Whether discretion under s.443(5) should be exercised?

[40] The University contended that if the Appeal is upheld, it was content for the Full Bench to determine the matter on the basis of the material before us rather than to remit the matter to a single member. 37 We propose to adopt that course. We are not persuaded in relation to the proposed industrial action, the subject of the Order, that the University established that there are exceptional circumstances justifying a longer notice period. Our reasons for that conclusion may be shortly stated.
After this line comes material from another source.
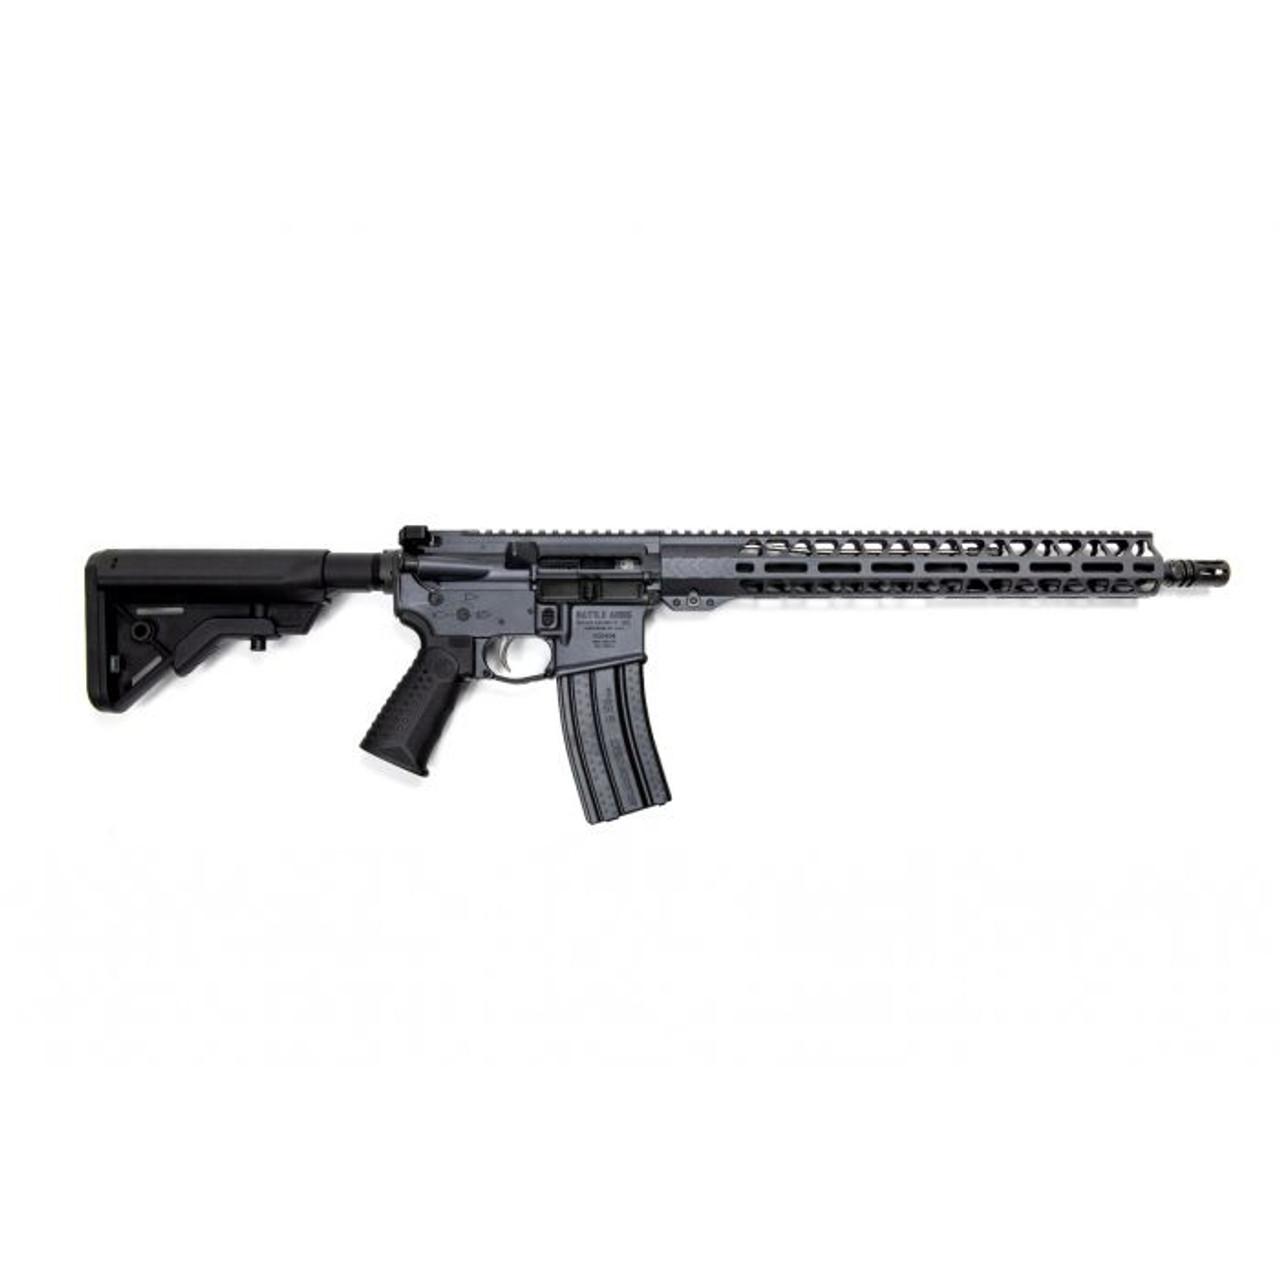 Battle Arms Development Workhorse CALIFORNIA LEGAL -.223/ 5.56

[41] The exceptional circumstances justifying a longer period than three working days’ notice of protected industrial action are said to be first, that the industrial action for which authorisation is sought in the ballot is of a kind that would very likely result in the University applying for an order under s.424 to suspend or terminate the industrial action. Secondly, that such an application, if made, is highly likely to succeed. 38 The likelihood of success limb of the circumstances is put on the basis that industrial action of the kind which is contemplated in the protected action ballot order has or would threaten to have a particular impact on student welfare. This impact has been considered in other cases before the Commission which resulted in the suspension or termination of industrial action [for example see NTEIU v Monash University39 (Monash)]. The justification for the longer period (five working days) having regard to the asserted exceptional circumstances related to the industrial action, is that five days will coalesce with the period within which the Commission must determine an application made under s.424.40

[42] The University contends that student welfare impact evidence of the kind given in Monash is expert evidence by reference to the consequence of industrial action. That evidence is not specific to the circumstances which prevailed in Monash, rather it is said to be generic. 41 To the extent that this is correct, the generic nature of that evidence appears to us to have the result that evidence gathering and preparation time and effort in making and prosecuting an application is reduced. This seems to weigh against, rather than in favour of, the circumstances justifying a longer period of written notice.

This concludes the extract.